Table 1 χ2 values for Amino Acid Compositions at different positions in β-strands.

Periodic propensity values are not an artefact of the amino acid composition in β-strands. To verify this a random scrambling of the 1634 β-strand sequences (including the cap residues) are done to get 1634 random peptide sequences. Position-specific propensities of amino acids in these random peptide sequences from both the termini are shown in Additional file 1, Figures S13 and S14. It may be observed that the position-specific propensity curves are almost flat, without any periodicity in the peak propensity values. The featureless curves of the random peptide sequences lack marked periodicity especially when the propensities of the amino acids are observed with respect to the C-terminus. Hence it may be emphasized that the periodicity is position-specific and not a consequence of the amino acid composition of β-strands.

Average hydrophobicity is periodic in nature from cap position in β-strands

The propensity results suggest that both the polar and the hydrophobic residues have specific positional preference to occur in β-strands.

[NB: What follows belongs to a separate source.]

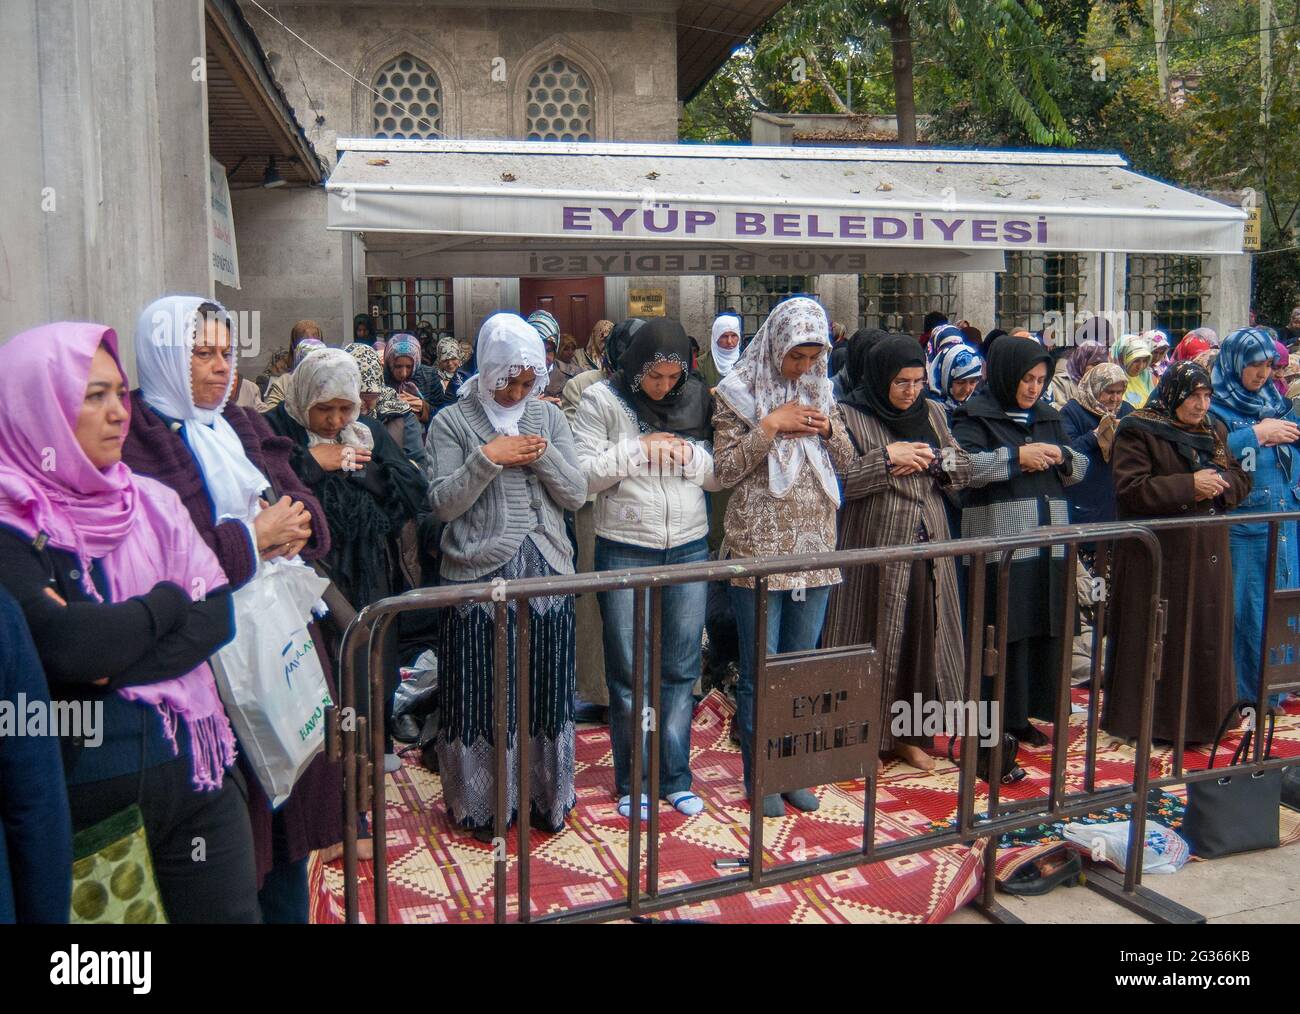 Eyup Sultan,İstanbul/Turchia -11/07/2008 : donne musulmane che pregano alla Moschea del Sultano di Eyup Foto Stock

To explore further, position-specific average hydrophobicity is calculated for 10 inner positions from both termini of β-strands according to equation 4. Figure 4 illustrates this average hydrophobicity plotted vs. positions in β-strands. The graphs show average hydrophobicity is periodic in nature with respect to positions in β-strands. The periodicity of average hydrophobicity with respect to positions in secondary structures has been observed earlier and is thought to play an important role in stabilizing these structures [53, 65]. However, it was not investigated in relation to the cap position in β-strands. Present investigation with the help of a much larger database shows that average hydrophobicity is periodic in nature in inner positions with respect to cap residues in strands. A similar result is obtained in case of helices earlier [40]. The position-specific periodic nature of average hydrophobicity is different in the strength of periodicity for β-strands as compared to helices. While for helices position-specific average hydrophobicity ranges between around 0.2 to 0.8 Kcal/mol, the range in case of strands is between 0.6 to 0.8 Kcal/mol. Very low hydrophobicity of N-cap (0.08 Kcal/mol) and C-cap (0.1 Kcal/mol) residues also confirm the presence of a hydrophilic barrier at both termini of β-strands (data not shown in Figure 4).

Figure 4
figure 4

Position-Specific Average Hydrophobicity. Average hydrophobicity plotted against position from the cap residues in strands. Position-specific hydrophobicity for each β-strands are calculated and standard error of the data are plotted as error bars.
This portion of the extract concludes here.